John Greenlees Semple (10 June 1904 in Belfast, Ireland – 23 October 1985 in London, England) was a British mathematician working in algebraic geometry.

== Academic career ==
He attended the Royal Belfast Academical Institution, and then received an undergraduate degree from Queen's University, Belfast, graduating in 1925 with First Class honours in mathematics. After this he went to Cambridge where he sat the Mathematical Tripos of 1927, gaining a distinction, and went on to study for a doctorate at St John's College, Cambridge, where he was taught by H. F. Baker, which was awarded in 1930.

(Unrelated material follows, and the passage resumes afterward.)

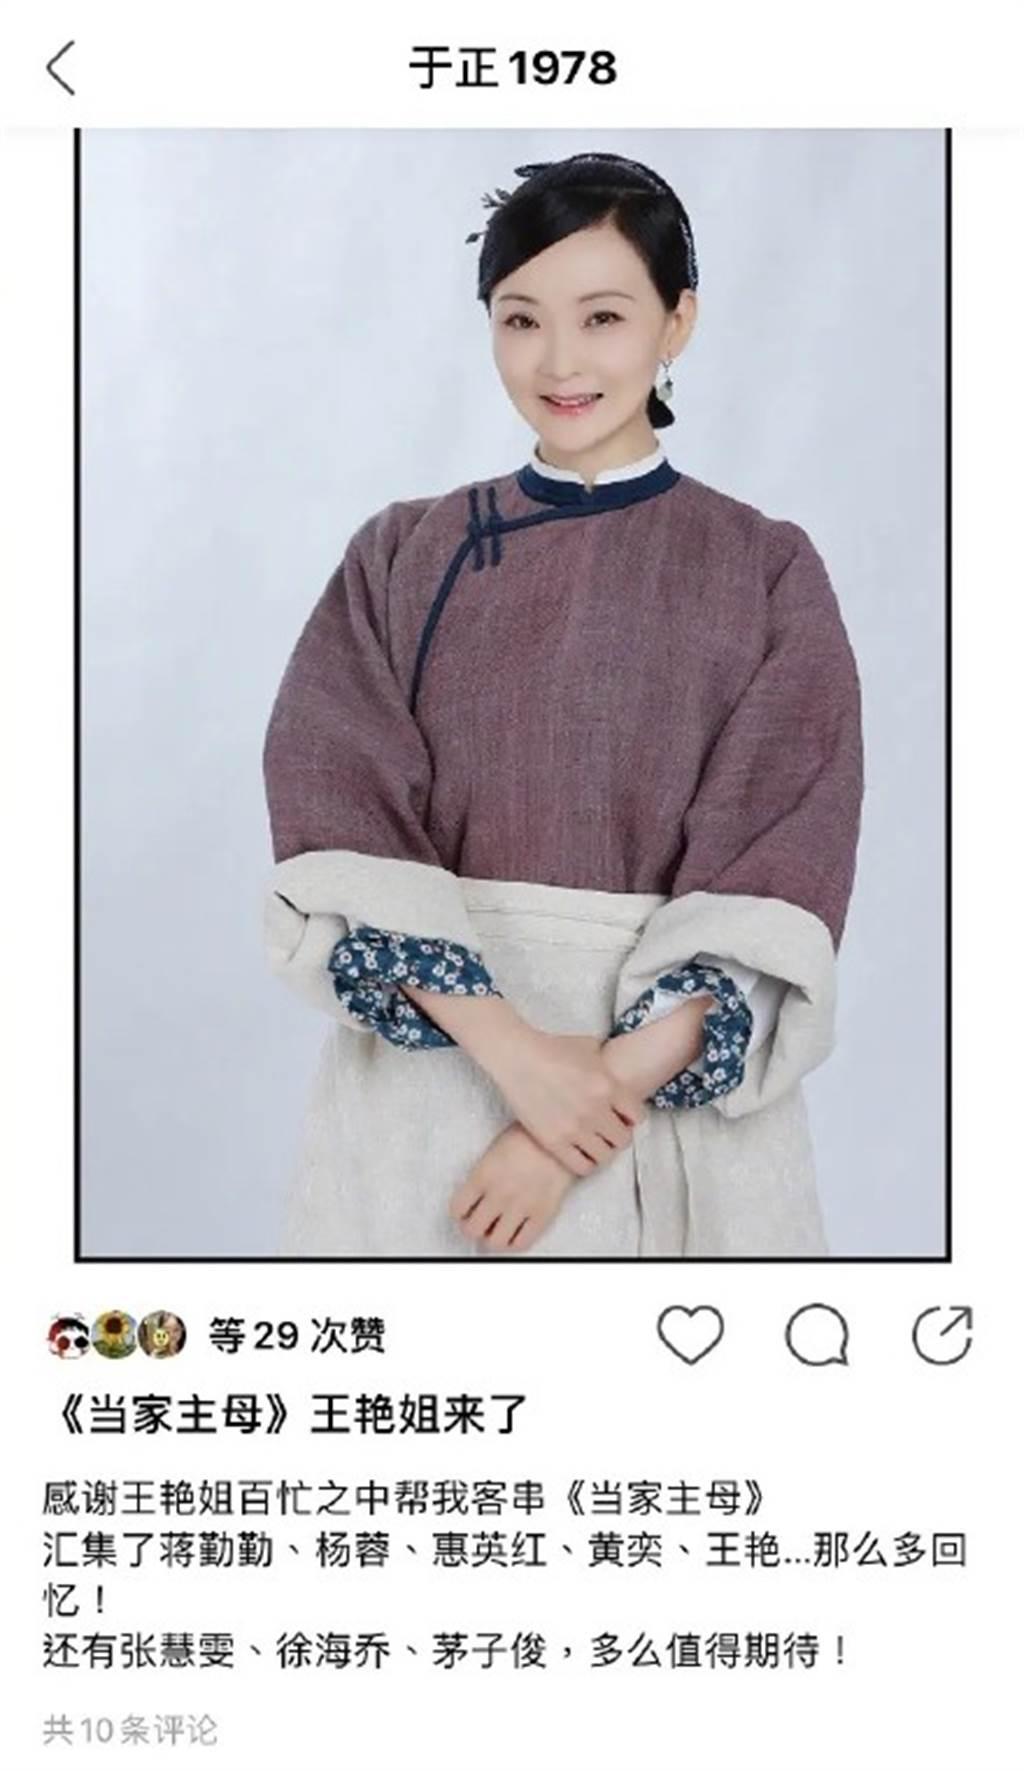 王艷回歸螢幕,拍余正的新戲《尚食》、《當家主母》。(圖/取材自微博)

He won the Rayleigh Prize in 1929, and became a lecturer at the University of Edinburgh for a year. He was briefly elected a fellow of St John's College, before taking the position of Chair of Pure Mathematics at Queen's University, Belfast in 1930. He held the position for six years, remaining active as both a researcher and an administrator, and became Dean of the Faculty of the Arts. In 1936 he became Chair of Pure Mathematics at King's College, London - leading the department through its relocation to Bristol during WWII - and in 1956 was made Head of Mathematics at the same institution, continuing until his retirement in 1969.

== Personal life ==
Semple was the third of his parents' five children; two of his siblings also became professors in British universities. He married Daphne Hummel, the daughter of a colleague, in Belfast. They had two children, John and Jessie, who entered medicine and the arts respectively.

He enjoyed reading, gardening and golf.

==Publications==
- Semple, J. G. (1985). "Introduction to algebraic geometry"
- Algebraic Projective Geometry. By J. G. Semple and G. T. Kneebone. Pp. viii, 404. 35s. 1952. (Oxford University Press).